*EXERCISE DIRECTIONS*. Your reply should reproduce all the data below exactly while excluding the pictures.

*RECORDED DATA*.
=== Section Start ===

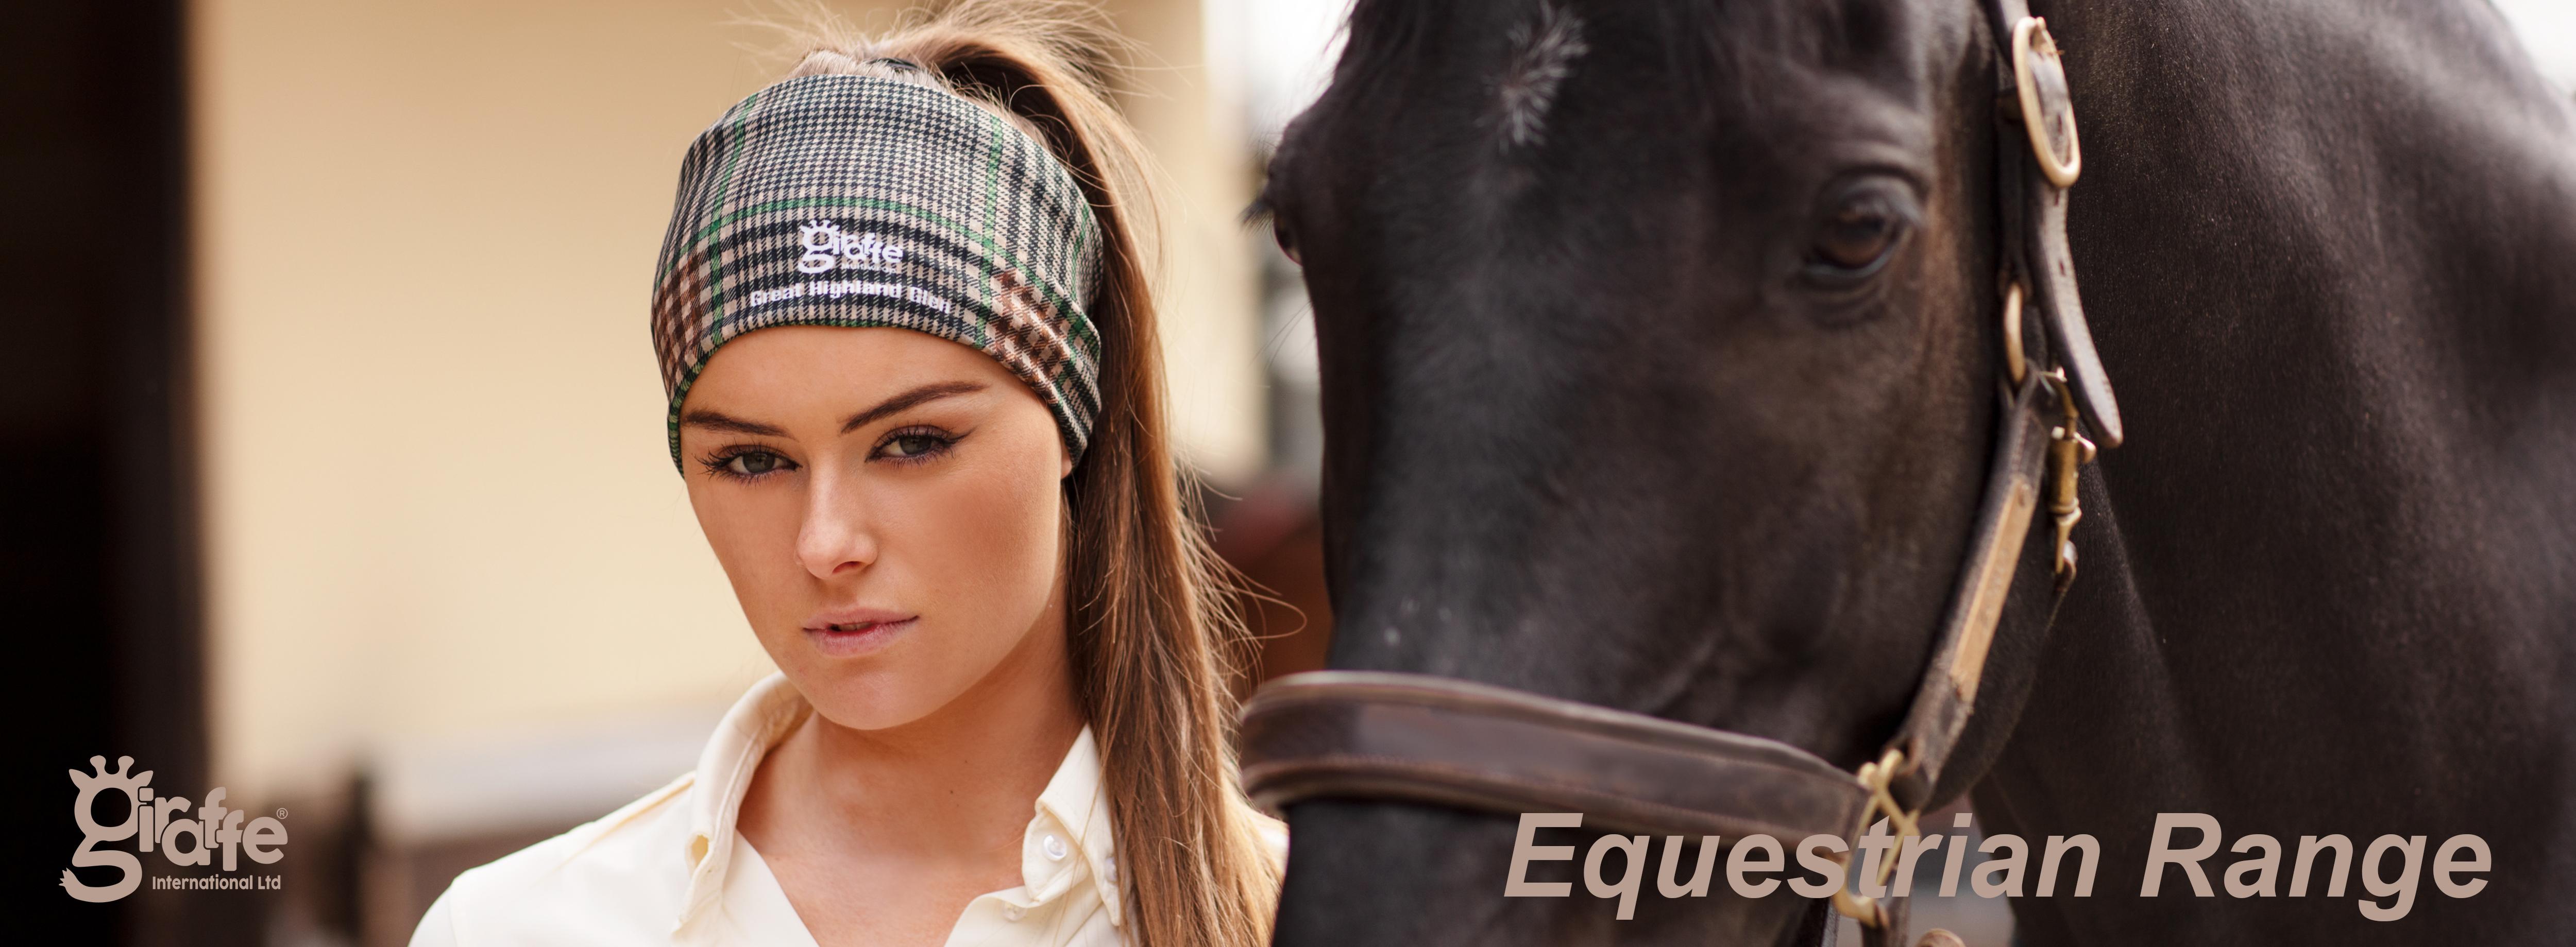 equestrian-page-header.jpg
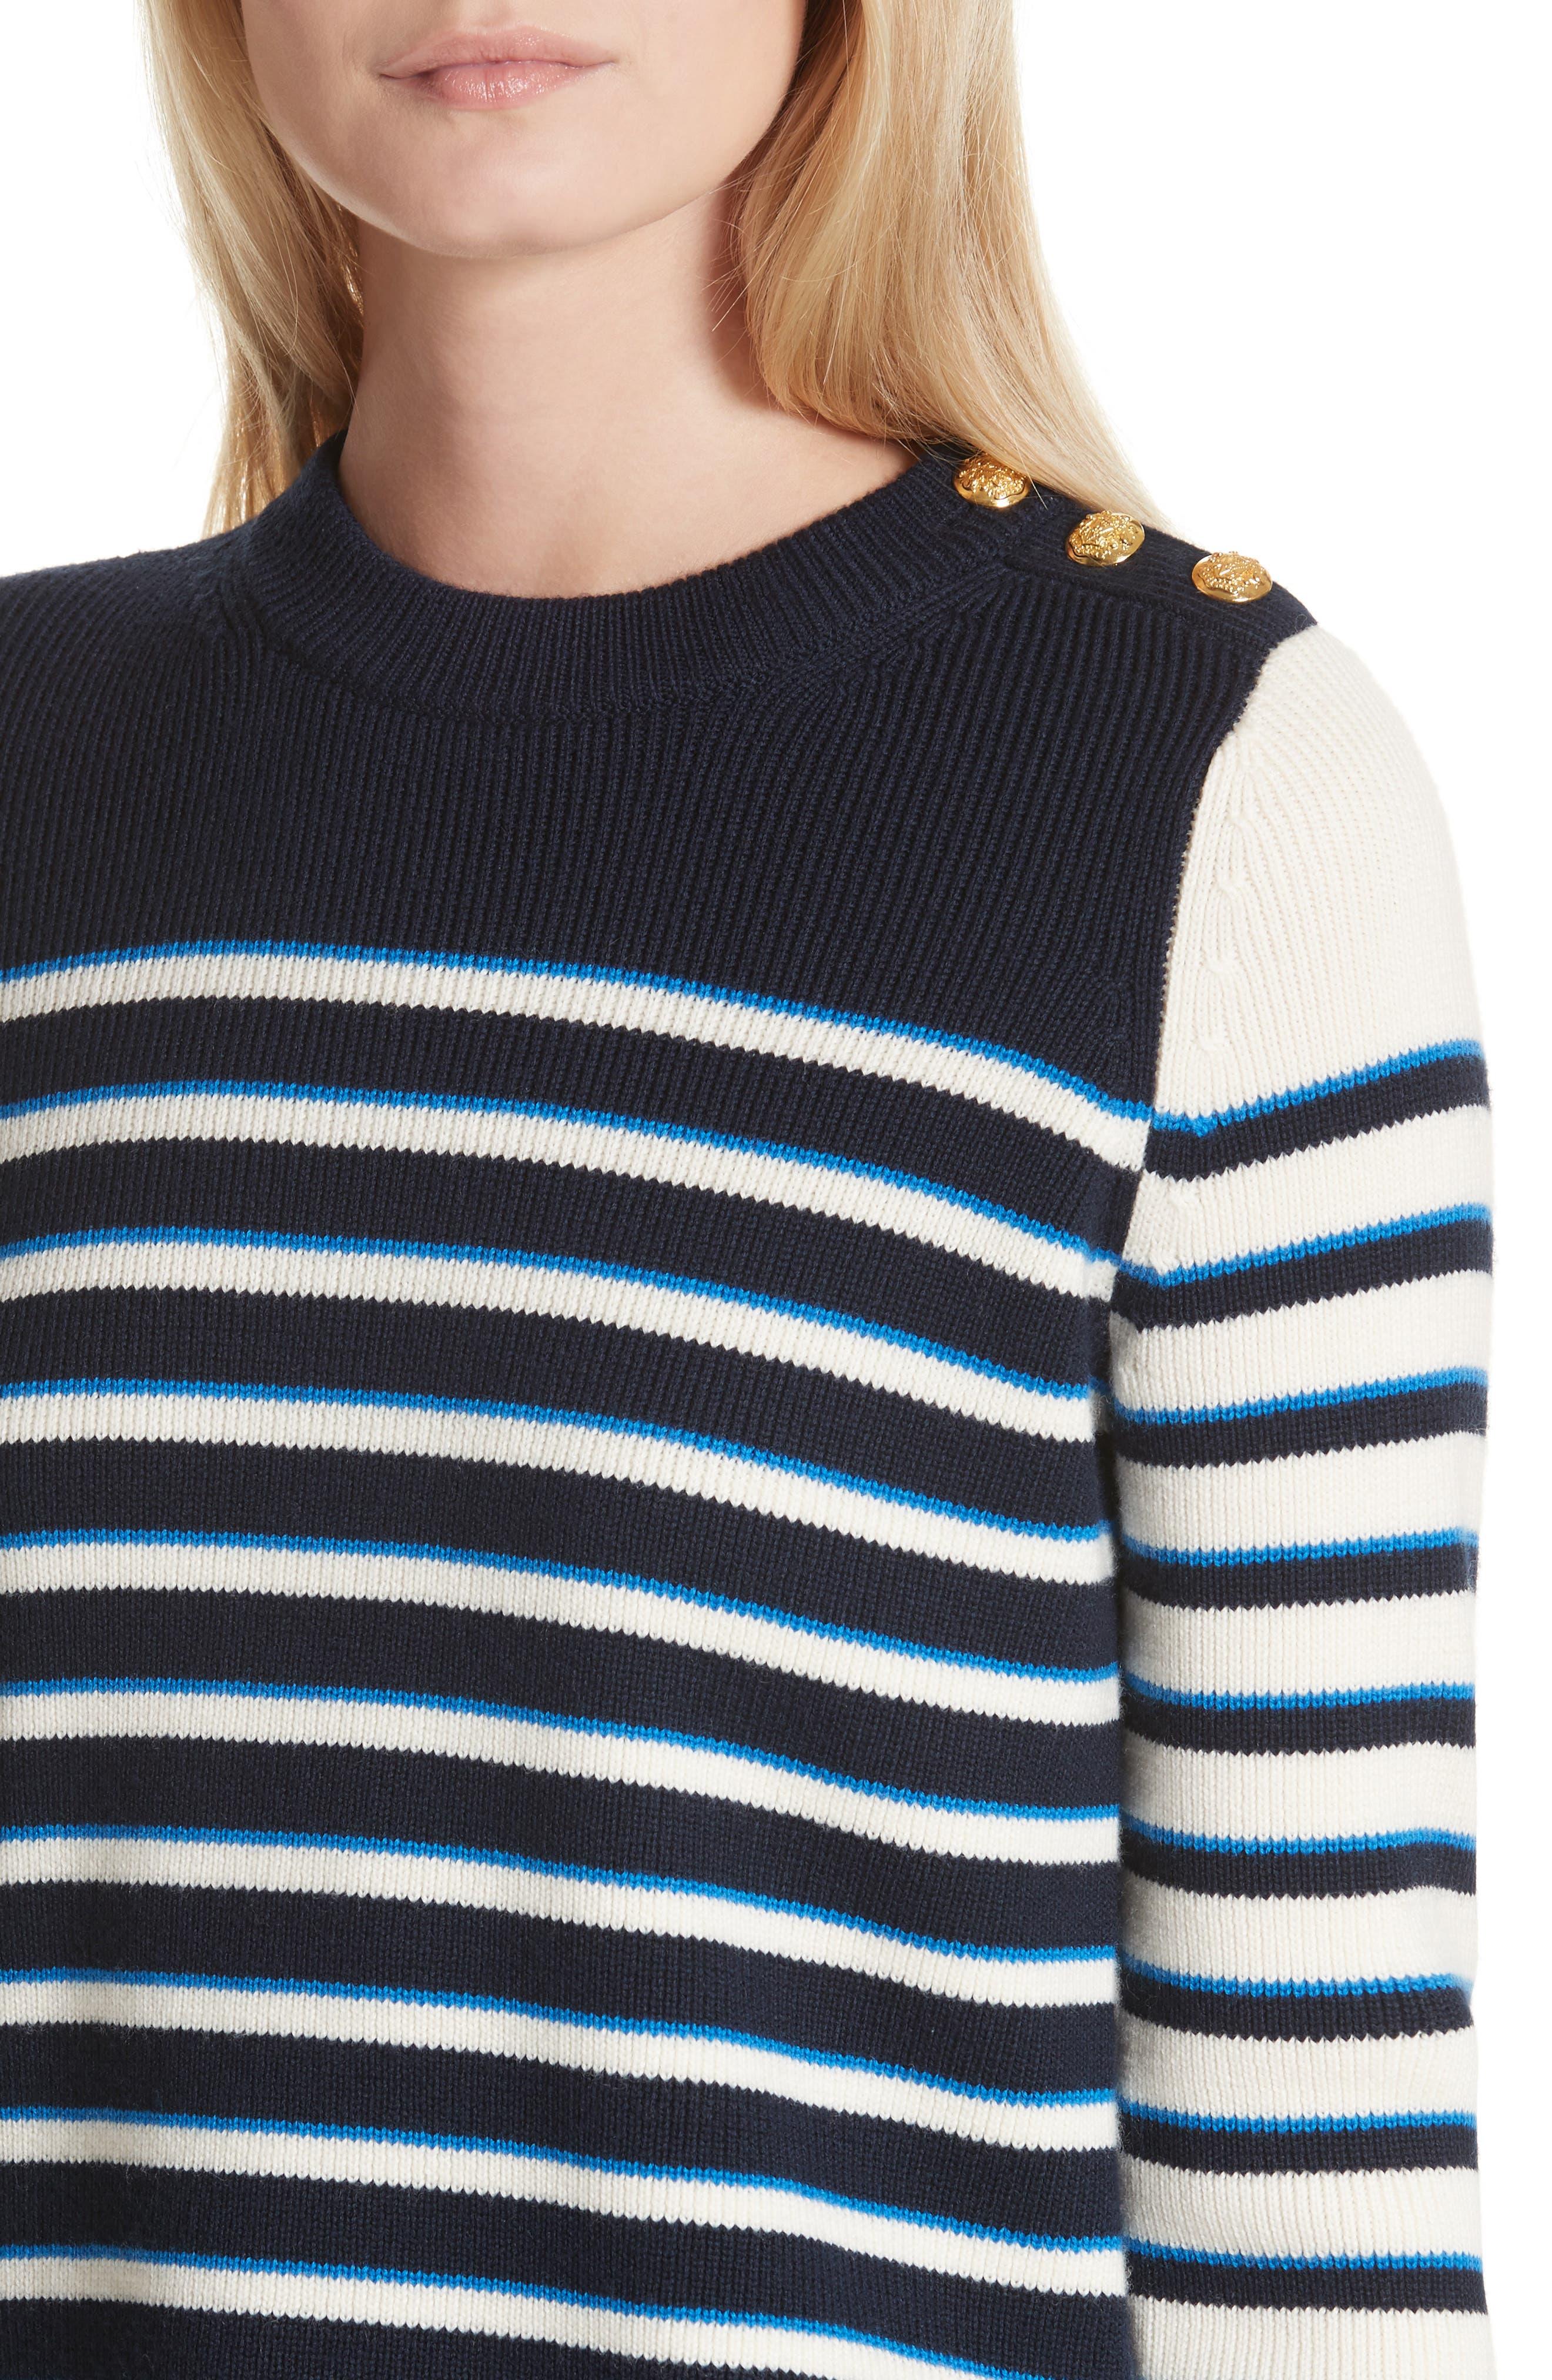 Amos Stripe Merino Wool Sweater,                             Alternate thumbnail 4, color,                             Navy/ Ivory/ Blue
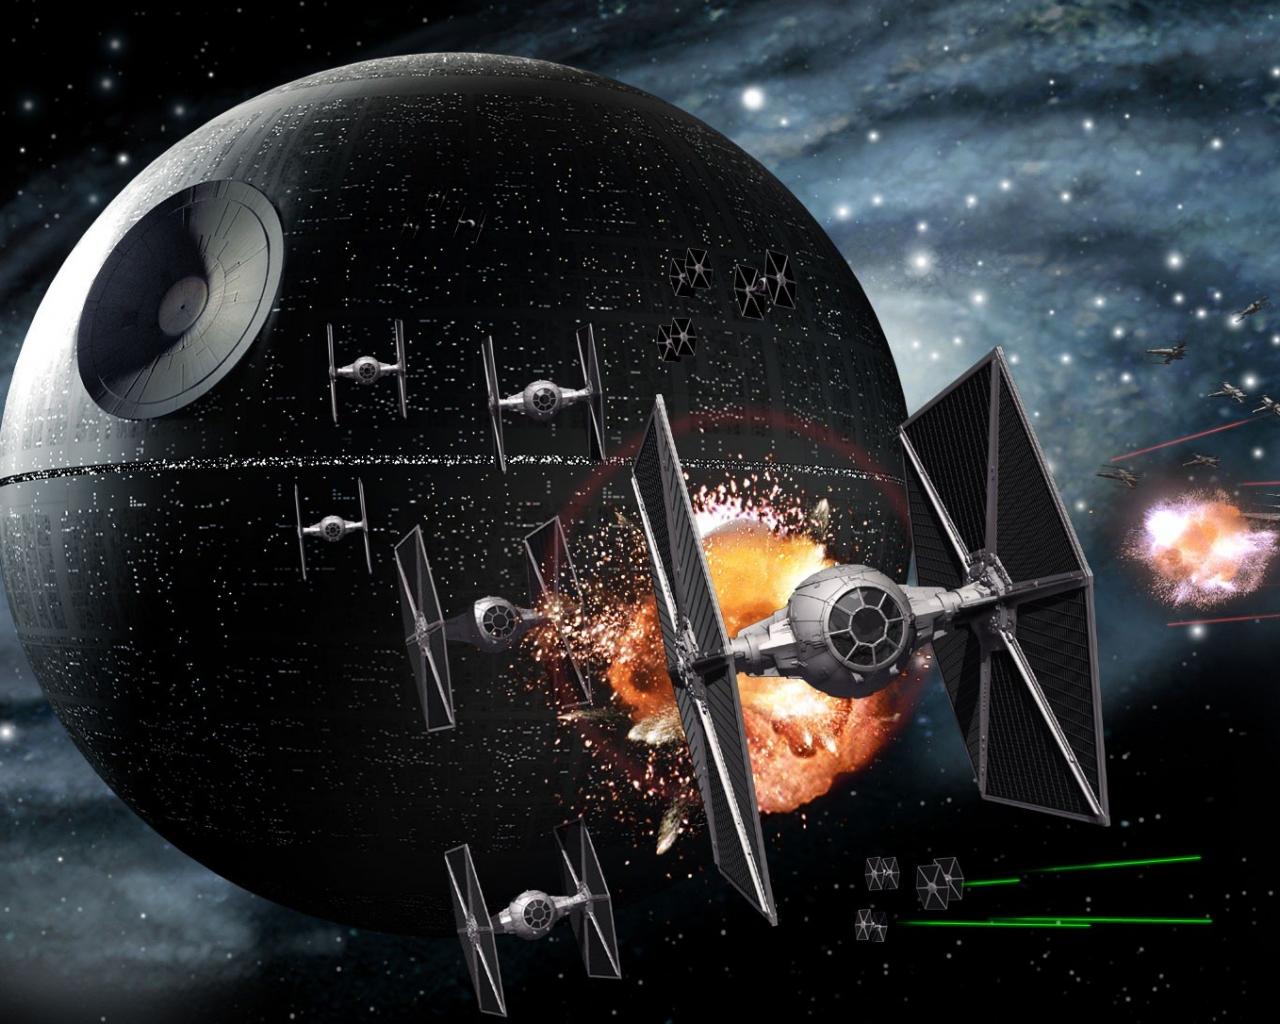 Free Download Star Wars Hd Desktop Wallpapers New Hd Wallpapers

=== Section End ===

*REPLY*.
 equestrian-page-header.jpg
 Amos Stripe Merino Wool Sweater,                             Alternate thumbnail 4, color,                             Navy/ Ivory/ Blue
 Free Download Star Wars Hd Desktop Wallpapers New Hd Wallpapers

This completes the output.